The clear differences between inland and coastal clusters as shown in the present study were observed in a similar way in some other studies. In Benin, for example, coastal populations (in the Guinean climatic zone) were also clearly divided from inland populations [5]. A study by Bell et al. [6] also described strong differentiations between inland and coastal clusters for baobabs sampled in East and southeast African regions (Mozambique, Tanzania, Kenya and South Africa). The baobab is a typical savannah tree, and coastal climatic conditions, where the climate is more humid, may be limiting for the occurrence of the tree. Thus, Assogbadjo et al. [5] explained Benin's baobab distribution by climatic changes (dry era) in the late Holocene about 3700 years BP in the coastal area. These climatic conditions allowed the baobab to reach the coast and to grow there. According to them, later, the baobabs may have adjusted to the more humid conditions, which can be found there nowadays. Therefore, a similar change of climatic condition may also have occurred in Kenya and other coastal areas of East Africa. Apart from the climate, the different edaphic conditions of the coastal areas may have acted as a factor of selection pressure on African baobab populations [45]. As the coastal soils are often formed on calcareous sedimentary rocks, the baobabs may have adapted to the alkalinity and lack of nutrients typical for these sites, as edaphic adaptation is a known driver of evolution of ecotypes and speciation in plants [46,47]. Another possibility is a more recent introduction of baobabs to the coastal region by humans. Ancient Africans who belonged to farming, nomadic and fishing communities were familiar with the numerous uses of baobabs, and they carried the lightweight and nutritious baobab fruits when travelling overland [6]. Such journeys might have introduced the baobabs to the coastal regions where the trees adjusted to the new environment without being able to exchange pollen with inland individuals and over time, they evolved to a coastal ecotype, because both factors influencing evolution, i.e. selection pressure and a barrier to gene flow, are present [48].

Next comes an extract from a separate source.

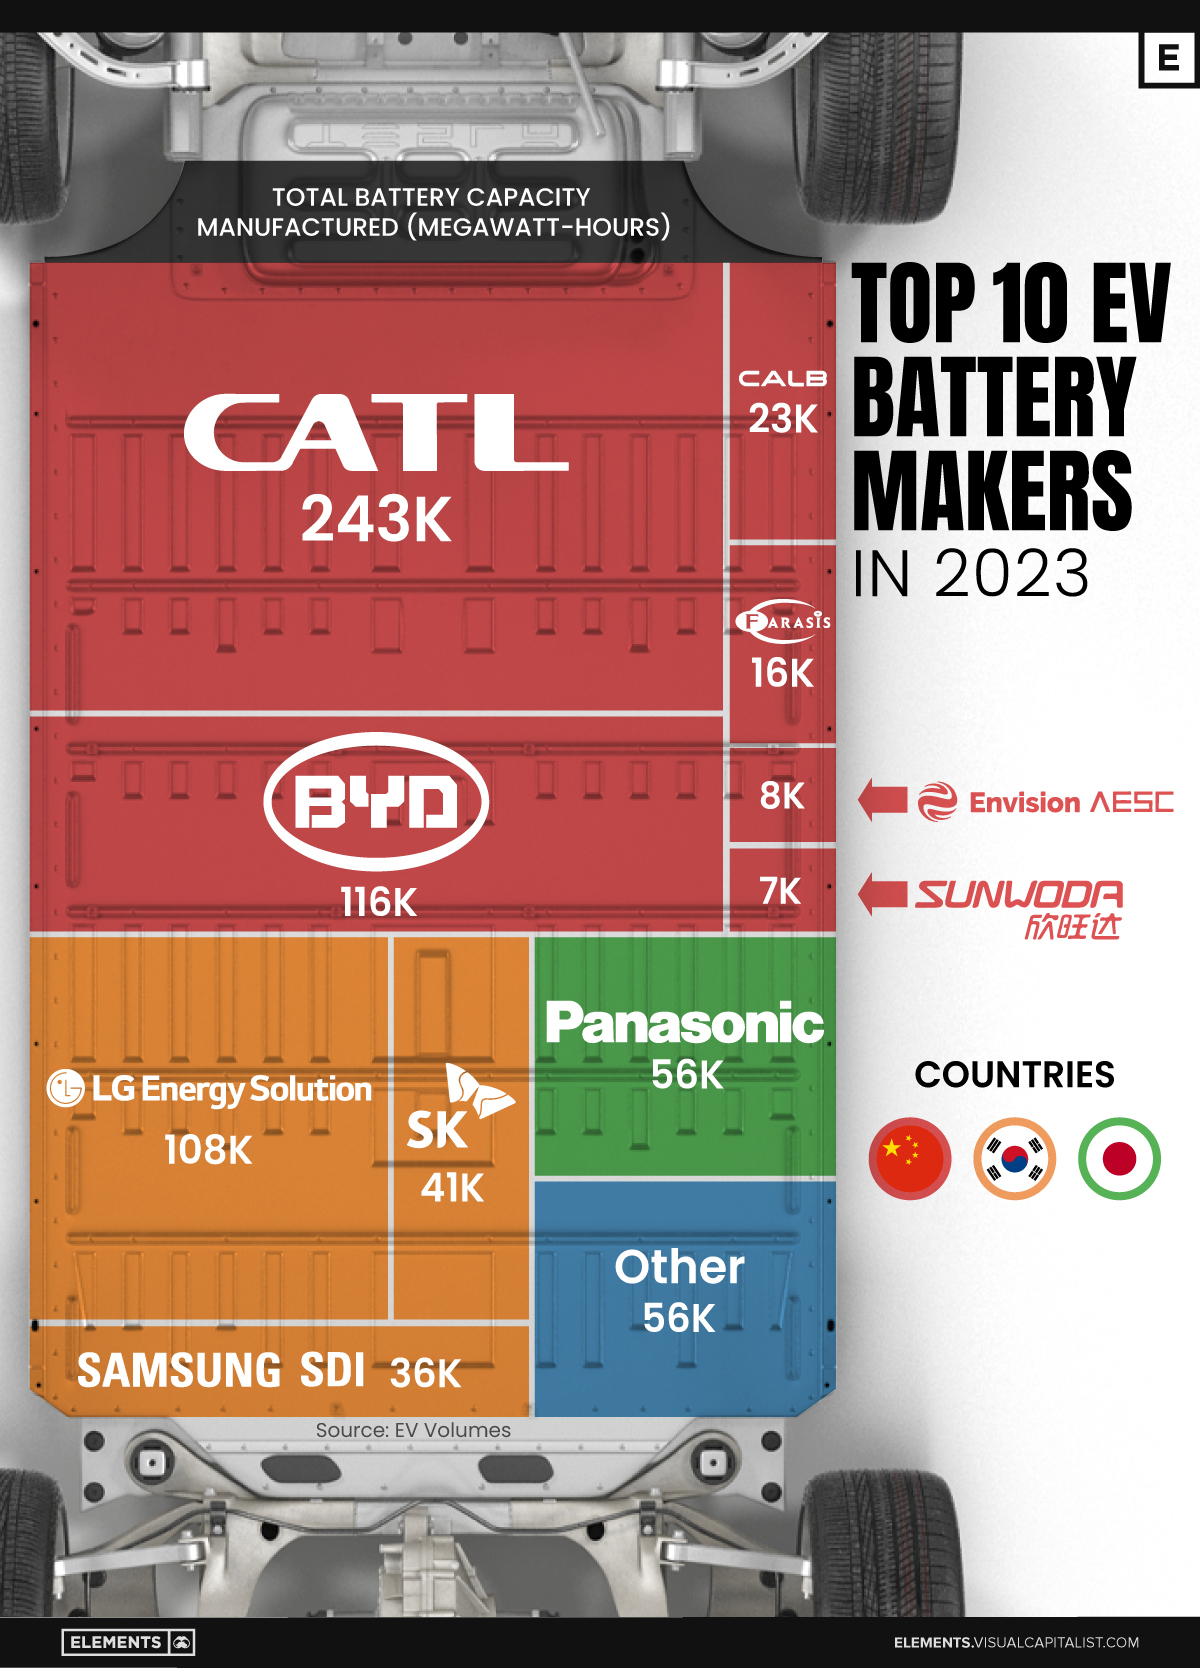 A treemap showing the top 10 EV battery manufacturers in 2023.
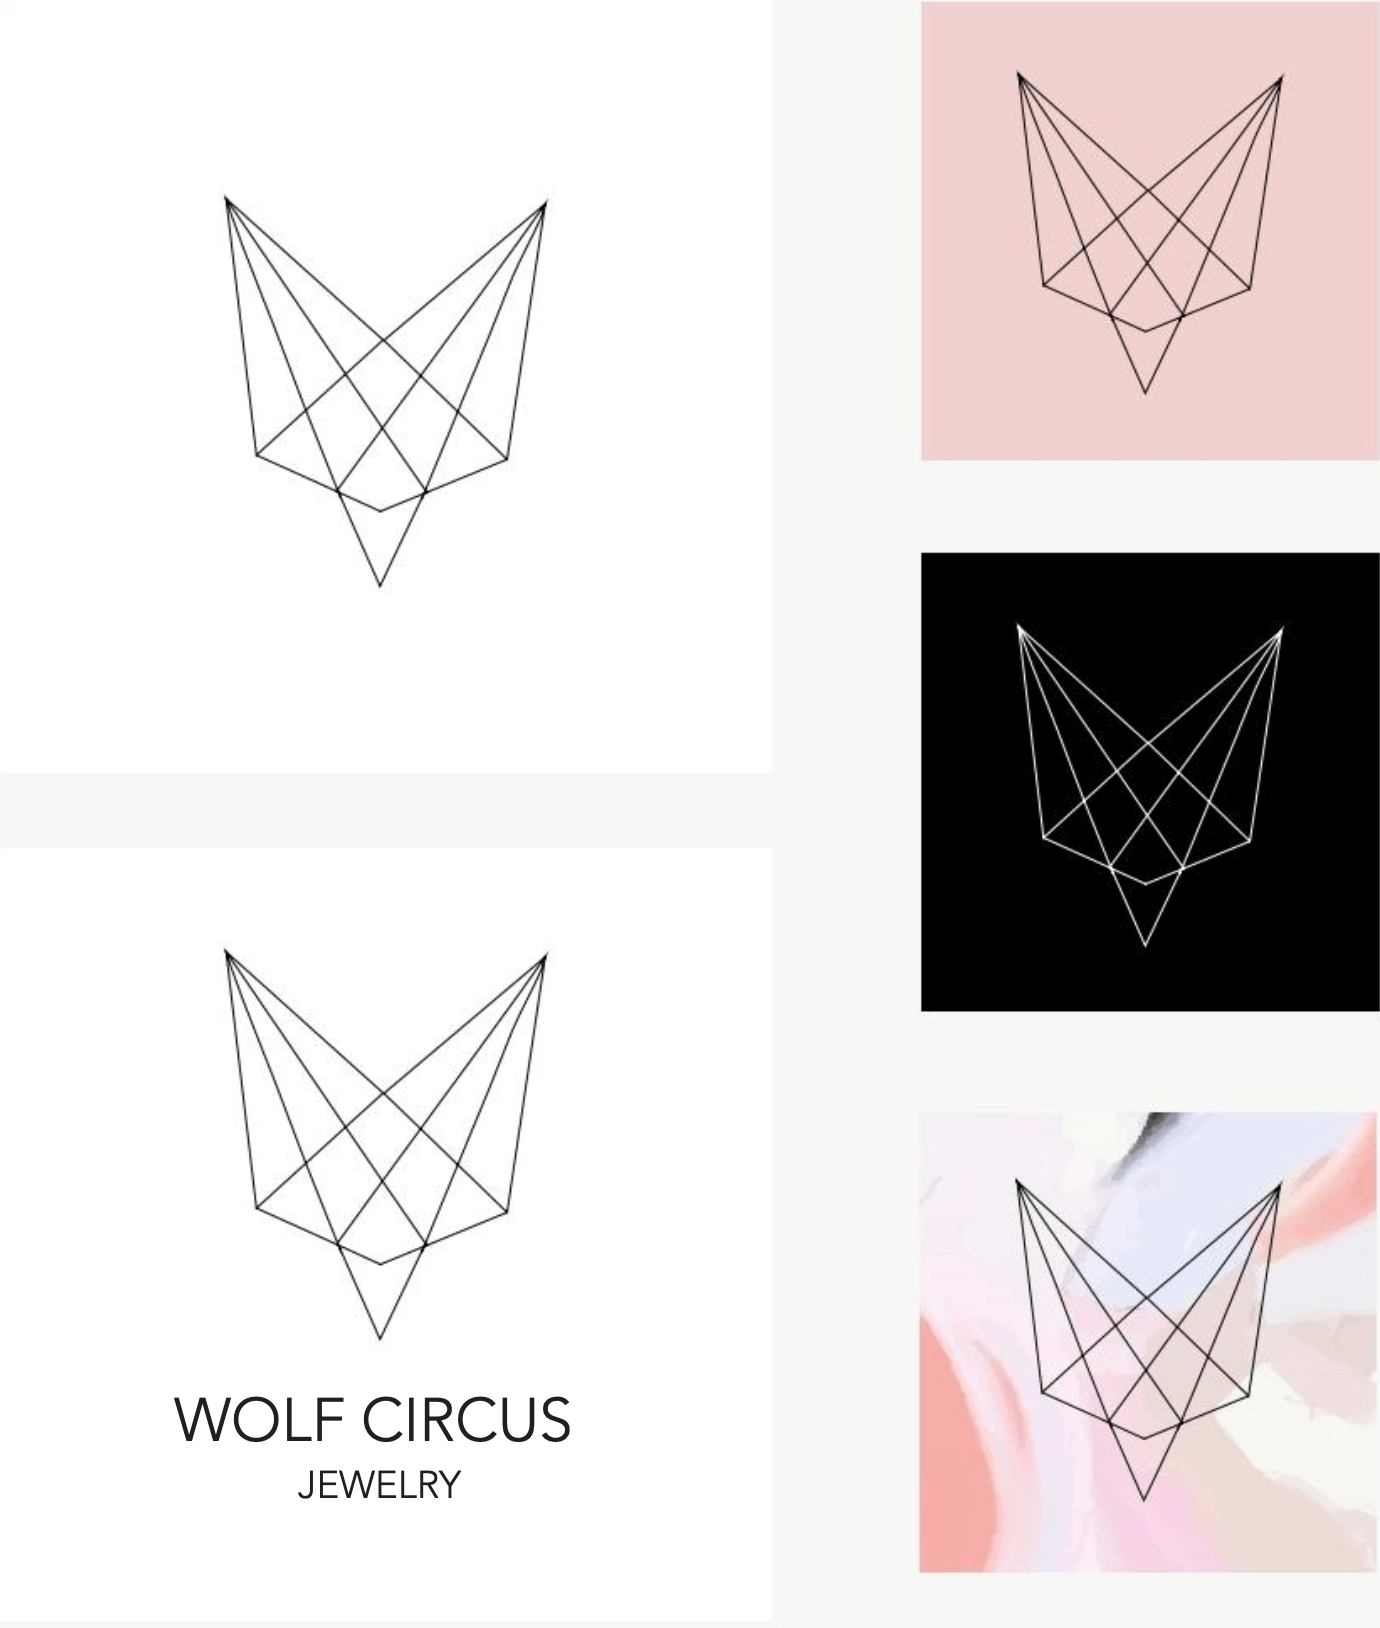 Wold Circus Jewelry's acceptable logo variations

However, the reason for such genetic differentiation remains unrevealed. Most probably, different population histories associated with climate change or even human intervention could have caused the current genetic differentiation. Therefore, nowadays baobabs from both regions are not capable of gene exchange owing to different phenology and flowering time. The fact that those findings were also observed in other parts of Africa e.g. Benin, Mozambique, Tanzania, Kenya [5,6] means that further studies should look if such genetic differentiation also reflects some morphological changes within the trees. If yes, it could reveal two distinct baobab ecotypes (coastal and inland), with a special adaptation to climatic and environmental conditions of the two locations.

Conclusion

This study has revealed high genetic diversity in all studied baobab populations and strong differentiation between inland and coastal populations. The differentiation cannot be easily explained but may have been caused by different population histories supported by particular climatic conditions, which prevent genetic exchange between the two study regions. Thus, gene flow mostly occurs within populations in both regions, a fact which is also important for conservation and management issues. The results of this study contribute to the general knowledge of baobab trees in East Africa and may help to further conservation and domestication programmes. Selection of baobab elite trees for domestication should be done separately in the two study regions to maintain the genetic diversity of the species. We also recommend more intensive sampling and analysis of the genetic and morphological characterization of coastal and inland baobab populations across Africa to assess if such differentiation could also be found in other parts of the continent. This would be helpful in revealing new facts about phylogeography, genetics and morphology of this species.